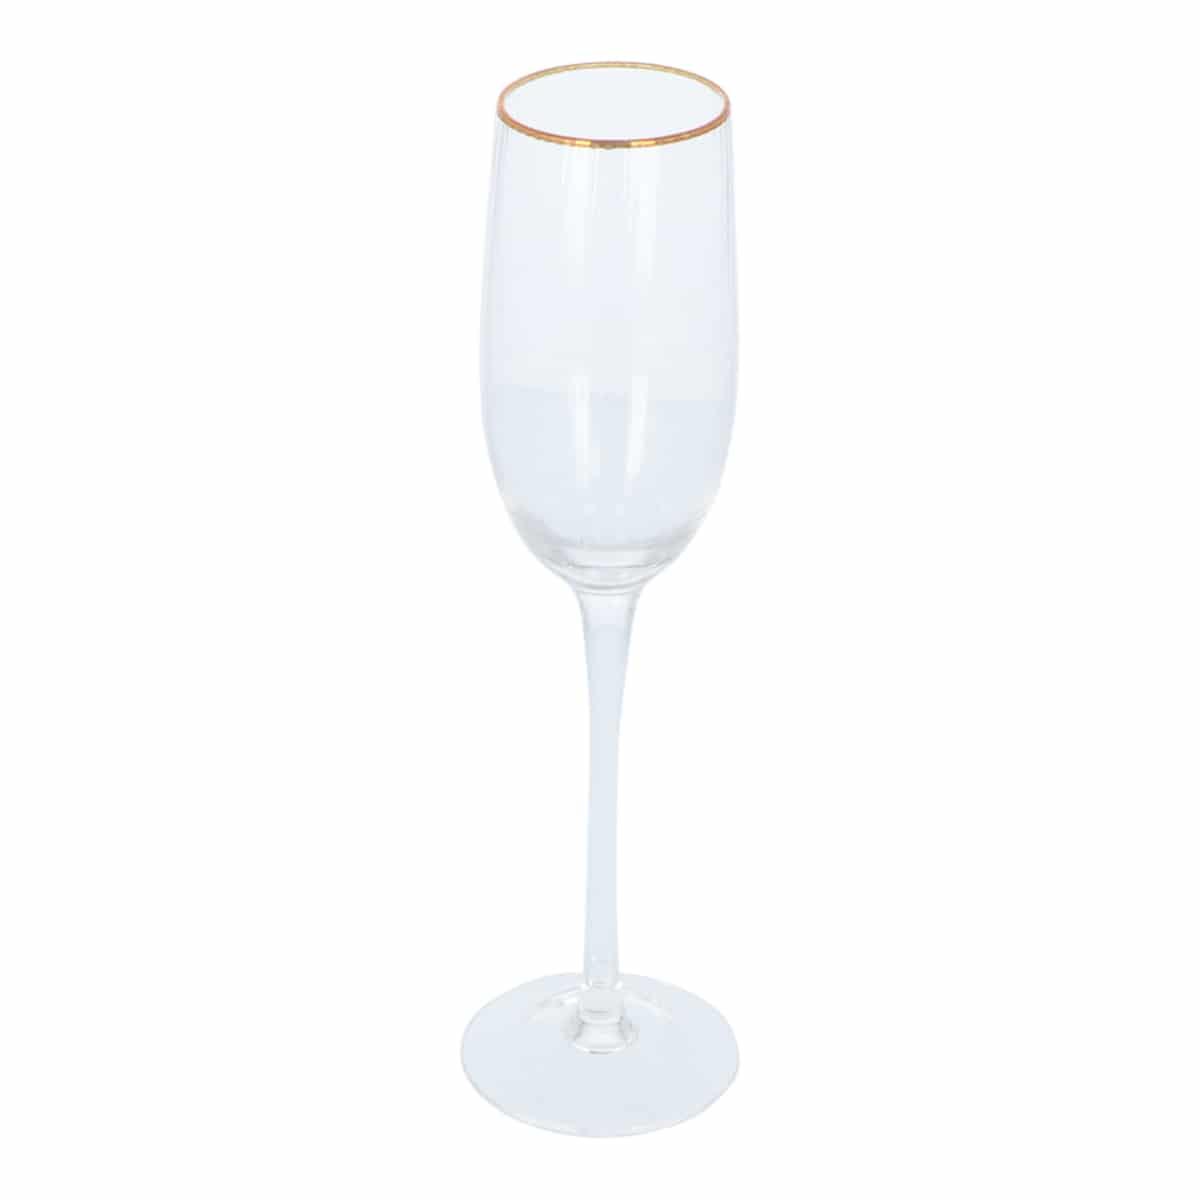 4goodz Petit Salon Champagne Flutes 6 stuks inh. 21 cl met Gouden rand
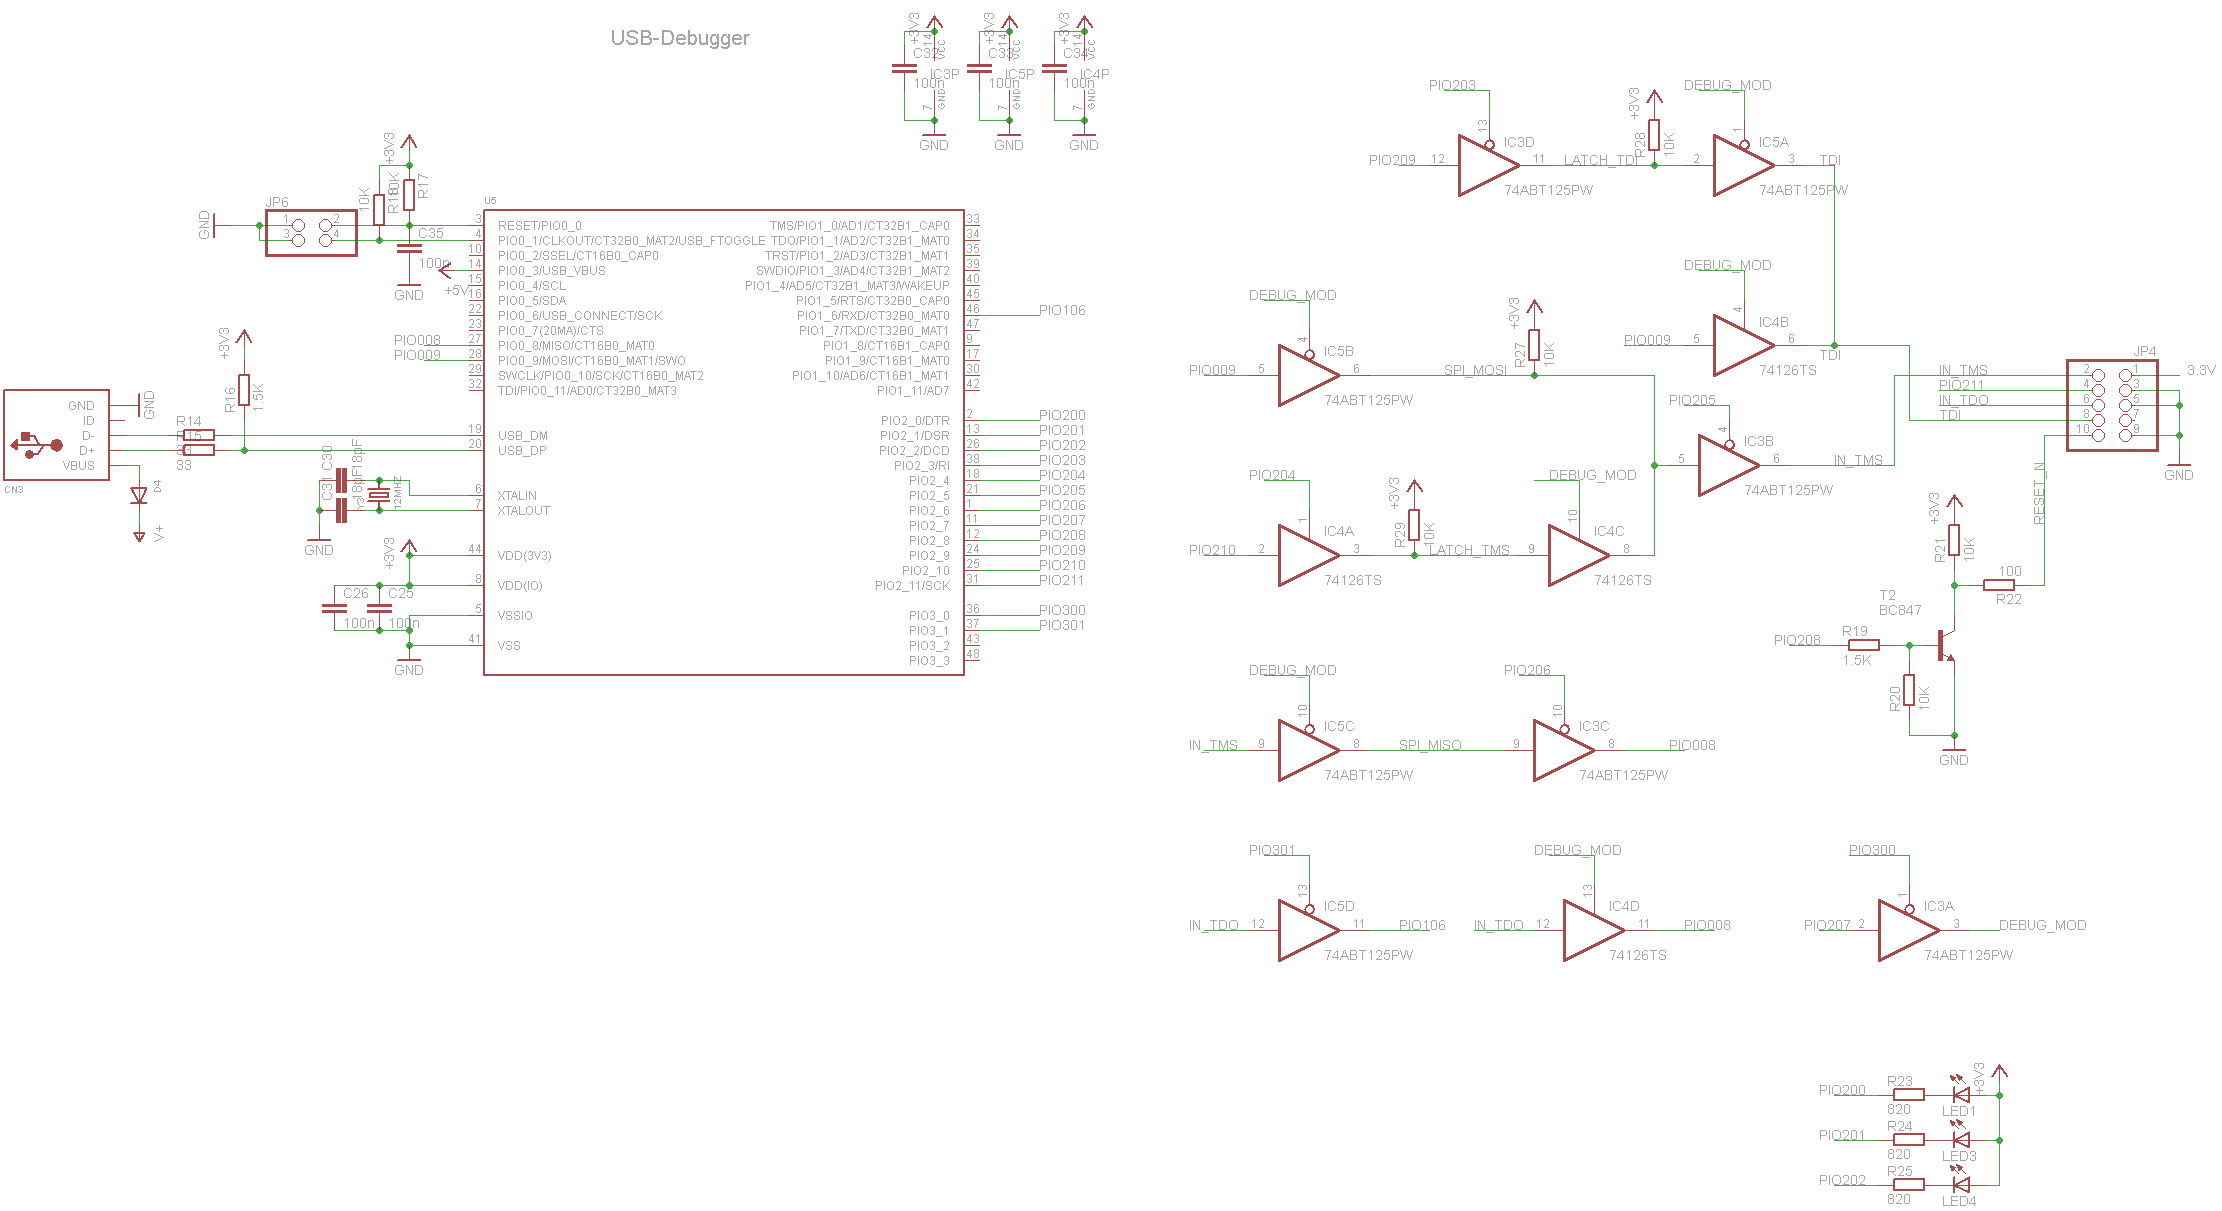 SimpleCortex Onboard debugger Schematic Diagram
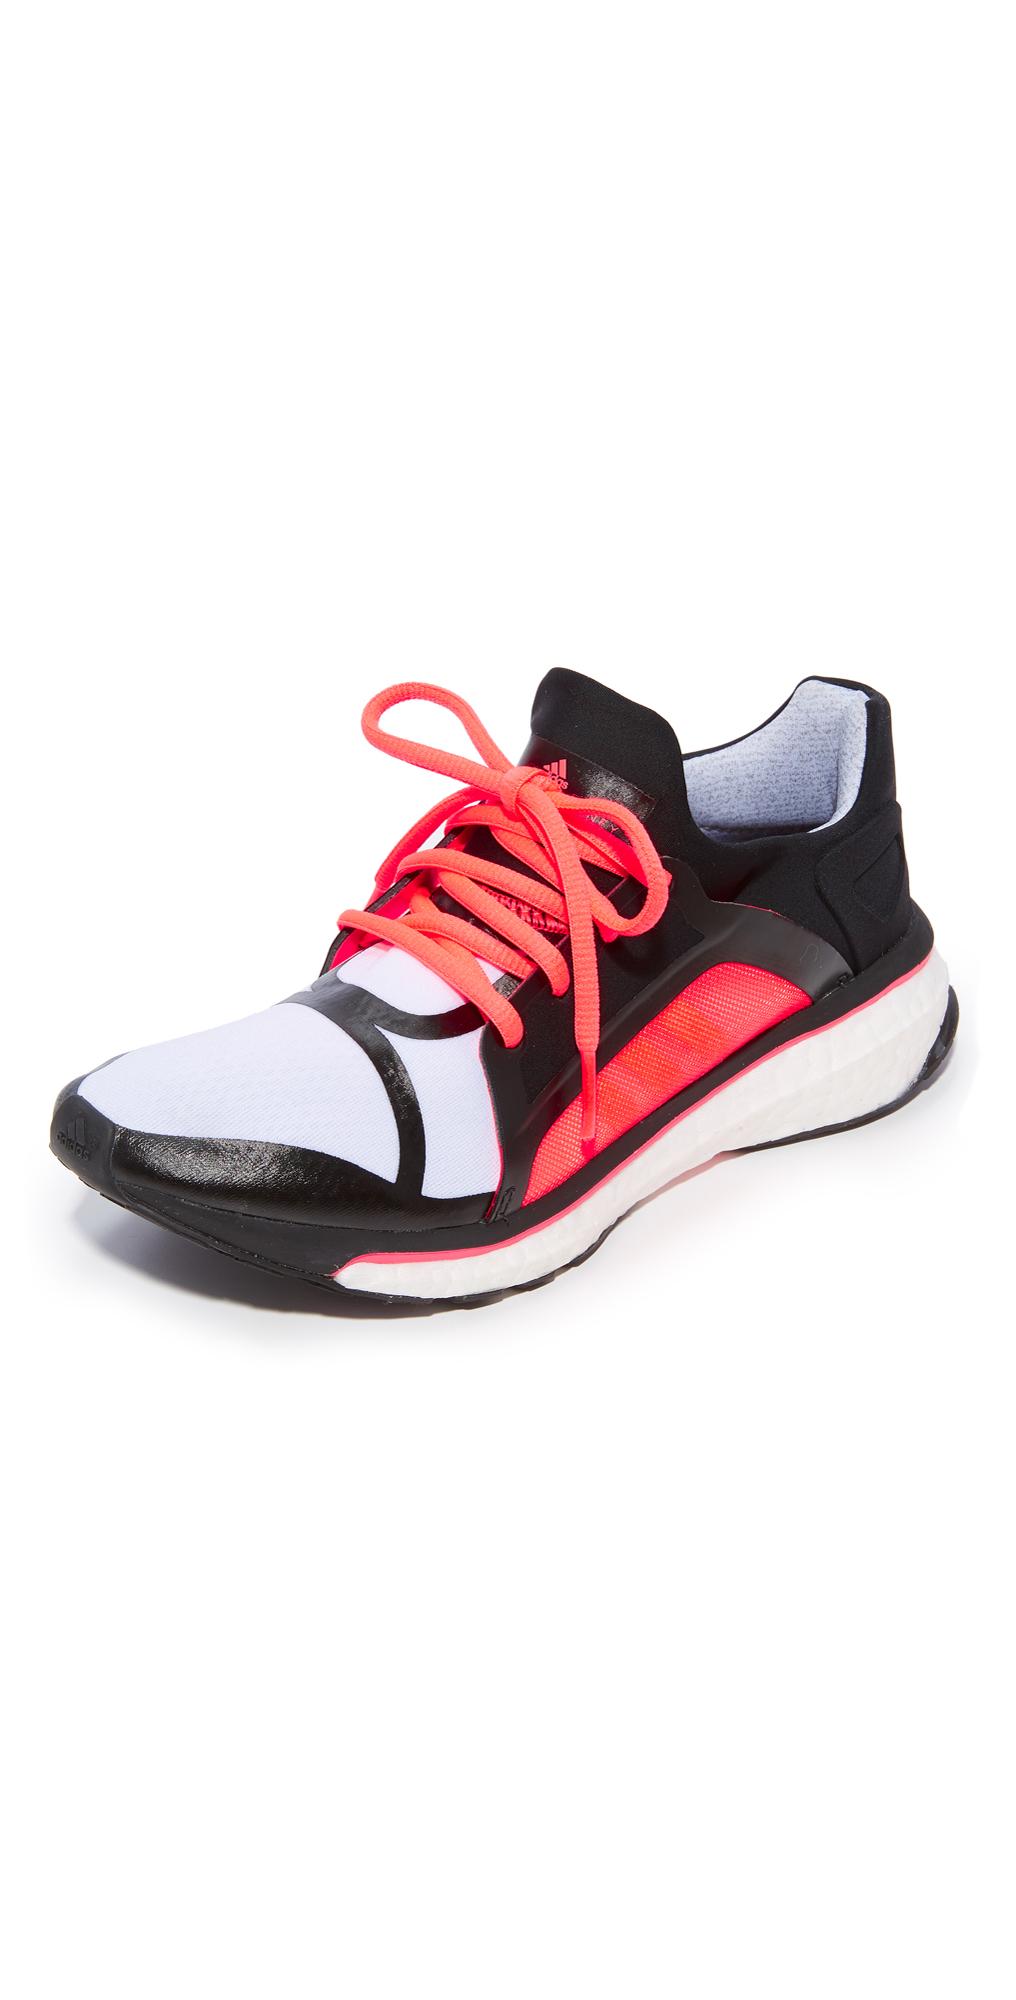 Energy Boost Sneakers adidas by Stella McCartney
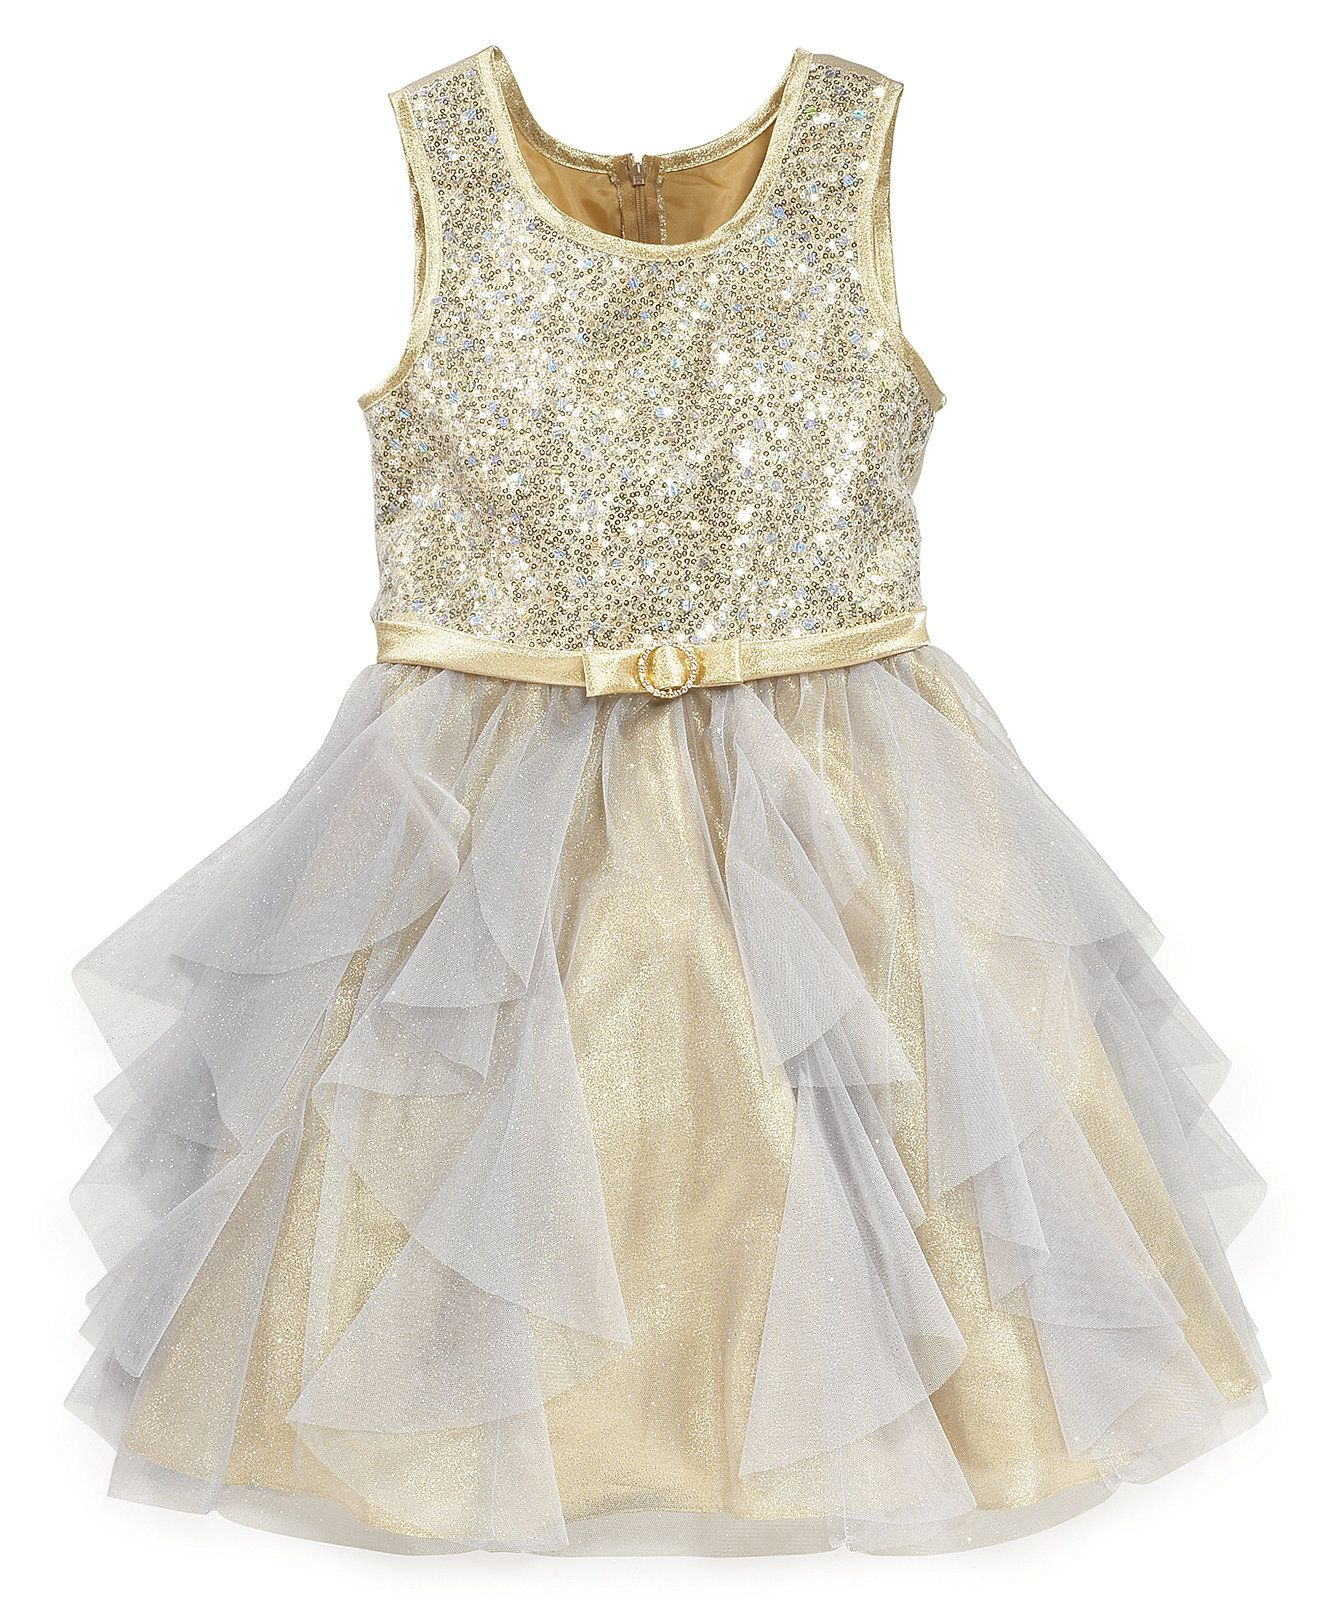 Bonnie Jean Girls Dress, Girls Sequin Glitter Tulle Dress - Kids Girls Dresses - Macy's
◇ ◇ ◇ ◇
| TASK TO CARRY OUT |
The exact lines from the one containing "SimpleCortex Onboard debugger" through the end of the data are to be copied, with both ends kept and pictures left out.

| YOUR RESPONSE |
 SimpleCortex Onboard debugger Schematic Diagram
 Energy Boost Sneakers adidas by Stella McCartney
 Bonnie Jean Girls Dress, Girls Sequin Glitter Tulle Dress - Kids Girls Dresses - Macy's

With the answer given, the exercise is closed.